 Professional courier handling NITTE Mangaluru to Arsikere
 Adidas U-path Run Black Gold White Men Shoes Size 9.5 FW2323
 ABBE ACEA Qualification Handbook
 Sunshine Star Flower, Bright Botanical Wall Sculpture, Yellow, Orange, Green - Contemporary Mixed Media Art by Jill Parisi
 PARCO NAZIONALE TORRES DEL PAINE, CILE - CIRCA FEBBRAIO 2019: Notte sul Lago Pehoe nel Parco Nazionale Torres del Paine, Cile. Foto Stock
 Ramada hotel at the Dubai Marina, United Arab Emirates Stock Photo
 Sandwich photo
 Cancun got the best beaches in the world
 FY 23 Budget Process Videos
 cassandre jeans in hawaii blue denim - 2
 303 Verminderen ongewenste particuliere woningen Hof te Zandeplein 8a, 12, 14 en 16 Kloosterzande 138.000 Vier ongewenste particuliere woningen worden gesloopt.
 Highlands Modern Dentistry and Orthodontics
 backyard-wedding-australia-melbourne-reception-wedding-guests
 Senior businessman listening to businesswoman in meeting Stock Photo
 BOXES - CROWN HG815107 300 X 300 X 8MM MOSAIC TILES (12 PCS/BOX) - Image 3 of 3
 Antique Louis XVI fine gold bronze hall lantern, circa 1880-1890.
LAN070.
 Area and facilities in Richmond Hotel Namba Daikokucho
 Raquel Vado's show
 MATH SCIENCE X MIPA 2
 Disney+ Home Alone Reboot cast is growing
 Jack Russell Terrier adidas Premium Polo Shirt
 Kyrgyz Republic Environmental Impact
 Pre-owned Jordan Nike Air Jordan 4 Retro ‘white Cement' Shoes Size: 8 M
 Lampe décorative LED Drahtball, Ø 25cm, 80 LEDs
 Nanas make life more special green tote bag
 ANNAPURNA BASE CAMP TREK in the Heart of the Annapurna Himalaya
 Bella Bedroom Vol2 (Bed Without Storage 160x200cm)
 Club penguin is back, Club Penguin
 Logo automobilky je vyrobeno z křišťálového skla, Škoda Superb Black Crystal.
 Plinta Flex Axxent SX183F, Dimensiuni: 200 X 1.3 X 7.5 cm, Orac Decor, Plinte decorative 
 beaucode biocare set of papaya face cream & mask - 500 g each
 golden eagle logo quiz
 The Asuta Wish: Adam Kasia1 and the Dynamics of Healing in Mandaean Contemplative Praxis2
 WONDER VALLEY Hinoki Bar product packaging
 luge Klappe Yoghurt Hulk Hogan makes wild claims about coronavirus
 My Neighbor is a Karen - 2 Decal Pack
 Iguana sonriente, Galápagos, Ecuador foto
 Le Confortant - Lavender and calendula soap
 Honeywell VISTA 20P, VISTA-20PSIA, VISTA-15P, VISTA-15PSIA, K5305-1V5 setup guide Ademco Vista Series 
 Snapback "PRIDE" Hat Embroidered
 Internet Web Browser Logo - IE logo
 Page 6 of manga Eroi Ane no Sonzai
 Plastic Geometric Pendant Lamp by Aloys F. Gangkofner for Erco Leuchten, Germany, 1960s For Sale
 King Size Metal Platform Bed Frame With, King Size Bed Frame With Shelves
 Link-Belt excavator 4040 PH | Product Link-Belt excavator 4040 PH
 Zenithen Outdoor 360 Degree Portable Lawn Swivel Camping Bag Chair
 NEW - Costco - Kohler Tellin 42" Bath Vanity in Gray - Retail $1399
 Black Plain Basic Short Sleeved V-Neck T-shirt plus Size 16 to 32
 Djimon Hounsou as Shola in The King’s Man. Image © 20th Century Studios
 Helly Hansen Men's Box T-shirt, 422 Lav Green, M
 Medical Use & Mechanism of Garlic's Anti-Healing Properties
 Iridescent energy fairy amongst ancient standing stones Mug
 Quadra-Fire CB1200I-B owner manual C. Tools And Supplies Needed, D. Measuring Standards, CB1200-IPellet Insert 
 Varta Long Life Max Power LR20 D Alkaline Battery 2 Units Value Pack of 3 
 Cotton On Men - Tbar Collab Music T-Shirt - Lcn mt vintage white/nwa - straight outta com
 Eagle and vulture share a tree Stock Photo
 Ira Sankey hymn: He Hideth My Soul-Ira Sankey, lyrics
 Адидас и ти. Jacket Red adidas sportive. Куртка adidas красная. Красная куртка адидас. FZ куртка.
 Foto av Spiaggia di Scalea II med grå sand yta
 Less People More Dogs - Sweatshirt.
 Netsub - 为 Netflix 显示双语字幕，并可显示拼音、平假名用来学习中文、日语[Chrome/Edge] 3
_ _ _ _
What is expected —
Within the material above, transcribe exactly the lines that run from the line holding "BOXES - CROWN" through the line holding "Varta Long Life".

Answer space —
 BOXES - CROWN HG815107 300 X 300 X 8MM MOSAIC TILES (12 PCS/BOX) - Image 3 of 3
 Antique Louis XVI fine gold bronze hall lantern, circa 1880-1890.
LAN070.
 Area and facilities in Richmond Hotel Namba Daikokucho
 Raquel Vado's show
 MATH SCIENCE X MIPA 2
 Disney+ Home Alone Reboot cast is growing
 Jack Russell Terrier adidas Premium Polo Shirt
 Kyrgyz Republic Environmental Impact
 Pre-owned Jordan Nike Air Jordan 4 Retro ‘white Cement' Shoes Size: 8 M
 Lampe décorative LED Drahtball, Ø 25cm, 80 LEDs
 Nanas make life more special green tote bag
 ANNAPURNA BASE CAMP TREK in the Heart of the Annapurna Himalaya
 Bella Bedroom Vol2 (Bed Without Storage 160x200cm)
 Club penguin is back, Club Penguin
 Logo automobilky je vyrobeno z křišťálového skla, Škoda Superb Black Crystal.
 Plinta Flex Axxent SX183F, Dimensiuni: 200 X 1.3 X 7.5 cm, Orac Decor, Plinte decorative 
 beaucode biocare set of papaya face cream & mask - 500 g each
 golden eagle logo quiz
 The Asuta Wish: Adam Kasia1 and the Dynamics of Healing in Mandaean Contemplative Praxis2
 WONDER VALLEY Hinoki Bar product packaging
 luge Klappe Yoghurt Hulk Hogan makes wild claims about coronavirus
 My Neighbor is a Karen - 2 Decal Pack
 Iguana sonriente, Galápagos, Ecuador foto
 Le Confortant - Lavender and calendula soap
 Honeywell VISTA 20P, VISTA-20PSIA, VISTA-15P, VISTA-15PSIA, K5305-1V5 setup guide Ademco Vista Series 
 Snapback "PRIDE" Hat Embroidered
 Internet Web Browser Logo - IE logo
 Page 6 of manga Eroi Ane no Sonzai
 Plastic Geometric Pendant Lamp by Aloys F. Gangkofner for Erco Leuchten, Germany, 1960s For Sale
 King Size Metal Platform Bed Frame With, King Size Bed Frame With Shelves
 Link-Belt excavator 4040 PH | Product Link-Belt excavator 4040 PH
 Zenithen Outdoor 360 Degree Portable Lawn Swivel Camping Bag Chair
 NEW - Costco - Kohler Tellin 42" Bath Vanity in Gray - Retail $1399
 Black Plain Basic Short Sleeved V-Neck T-shirt plus Size 16 to 32
 Djimon Hounsou as Shola in The King’s Man. Image © 20th Century Studios
 Helly Hansen Men's Box T-shirt, 422 Lav Green, M
 Medical Use & Mechanism of Garlic's Anti-Healing Properties
 Iridescent energy fairy amongst ancient standing stones Mug
 Quadra-Fire CB1200I-B owner manual C. Tools And Supplies Needed, D. Measuring Standards, CB1200-IPellet Insert 
 Varta Long Life Max Power LR20 D Alkaline Battery 2 Units Value Pack of 3 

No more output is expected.